Second manifold 106 may include a body 107 and a plurality of ports 144. With reference to FIGS. 1 and 3, the plurality of ports 144 include return port 138, an inlet port 145, a vent inlet port 154, and a plurality of heat distribution ports 304. The plurality of ports 144 may also include a drain/fill port 306. The number of the plurality of ports 144 may vary depending, for example, on the size of heat distribution system 110. Body 107 may hold various volumes of heat transfer medium depending on the size of heat distribution system 110. The plurality of ports 107 may be the same or different to accommodate different sizes and types of valves.
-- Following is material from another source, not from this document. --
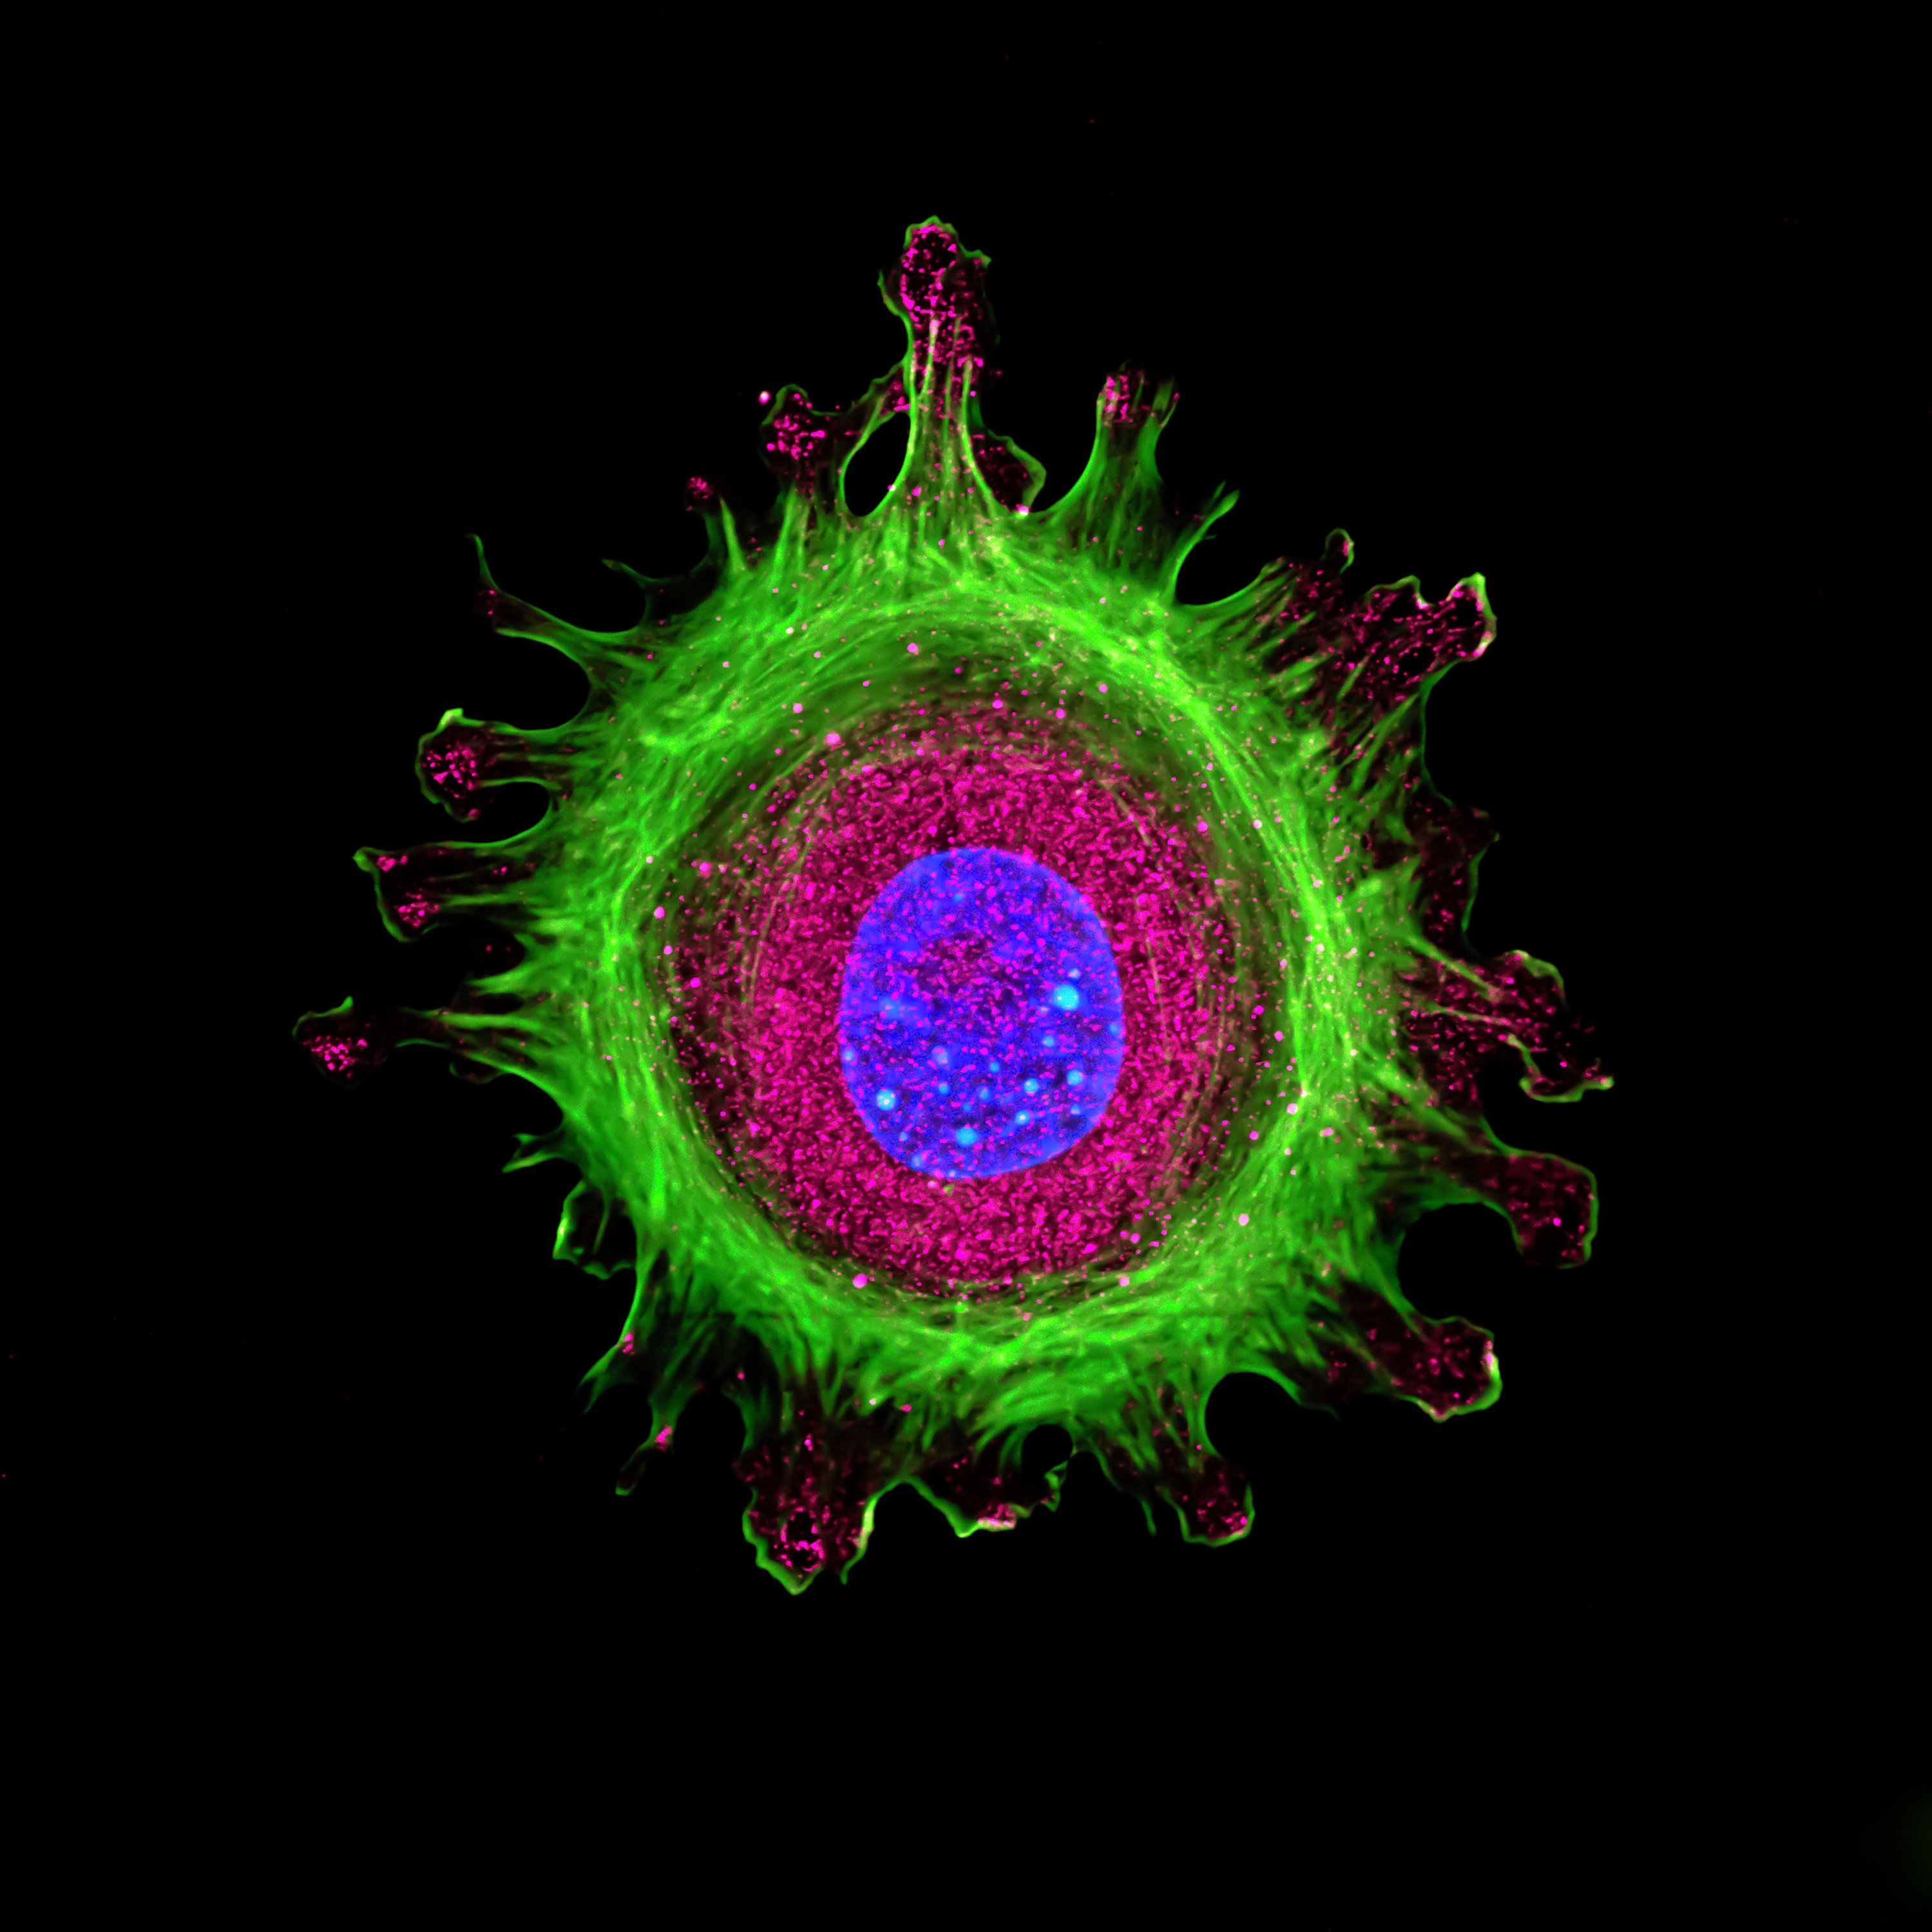 Immunofluorescence of single human cell stained, grown in tissue culture, stained with multiple antibodies and visualized via confocal microscopy

For example, outlet port 145 may have a larger diameter than the plurality of heat distribution ports 304 to accommodate the heat transfer medium supplied to the plurality of heat distribution ports 304.
The plurality of ports 144 mount to body 107. In an exemplary embodiment, return port 138 and vent inlet port 154 mount near or on a top of body 107. In an exemplary embodiment, drain/fill port 306 and inlet port 145 mount near or on a bottom of body 107. The plurality of heat distribution ports 304 supply heat transfer medium to heat distribution system 110. Preferably, drain/fill port 306 mounts near the bottom of body 107 to facilitate draining of second manifold 106.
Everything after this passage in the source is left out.